香蘭学園
13
『――そこへは行ってはいけない。行ってはダメだ!』
シグナルは黄色から赤にかわり点滅しだす。
それが何故だかわからない。だが、深層意識の中に記憶として残されたものがダメだと忠告して頭痛を促している。
「う…ッ。」
鉛がついているかのような足を引きずり、家の門扉を開けようとすれば吐き気をもよおした。
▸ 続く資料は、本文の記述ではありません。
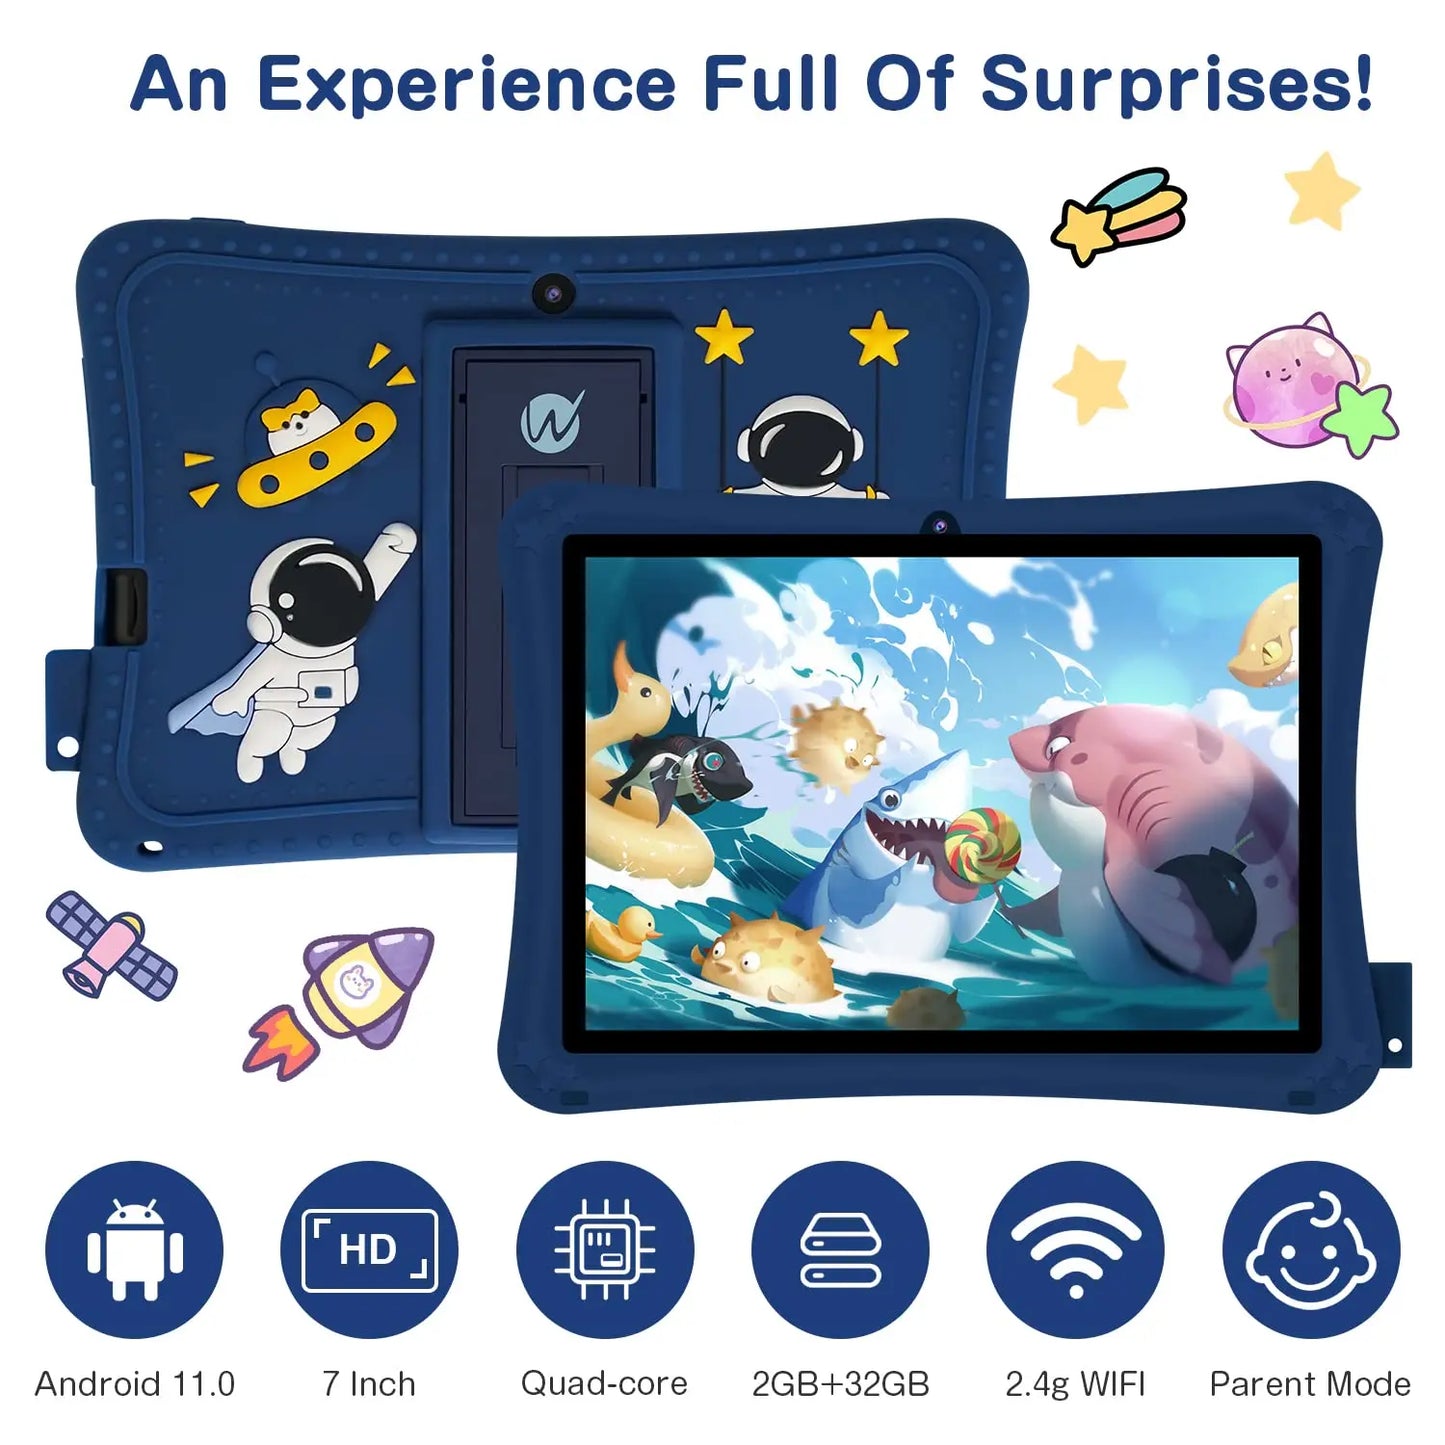 7 Inch Android Kids Tablet 2+32GB WiFi Google Play Toddler Tablet with Parental Control Children Tablet with Kid-Proof Case

胸元を押さえ、藍が門扉を開ければ錆びた鉄がギィと物悲しさを語るように鳴る。
「ただ…いま。」
ガランとした玄関に靴はなく、片された装飾品の段ボールたちが藍を出迎え、人気はない。
「……誰も…いないの?」
各部屋を周り、見回す。
暖かい色合いの暖炉は煤け、キッチンには薄く埃が積もる。何年も前から誰も住んでいないかのような違和感に呆然と立ち尽くした。
「……!!」
また来る吐き気に思わず口許を押さえうずくまる。
心臓が、腕の傷跡が痛む。
ようやく落ち着きを取り戻し見上げると、見てはいけないものが視界に飛び込んできた。
「……何、縁起でもない……。」
写真の中には笑う両親。その前には位牌が置かれている。
「っ……。」
急いで階段を駆け上がり、藍は自分の部屋だった場所へ向かっていた。
確かめなければいけない。
この目で見たものだけが真実なんだと――。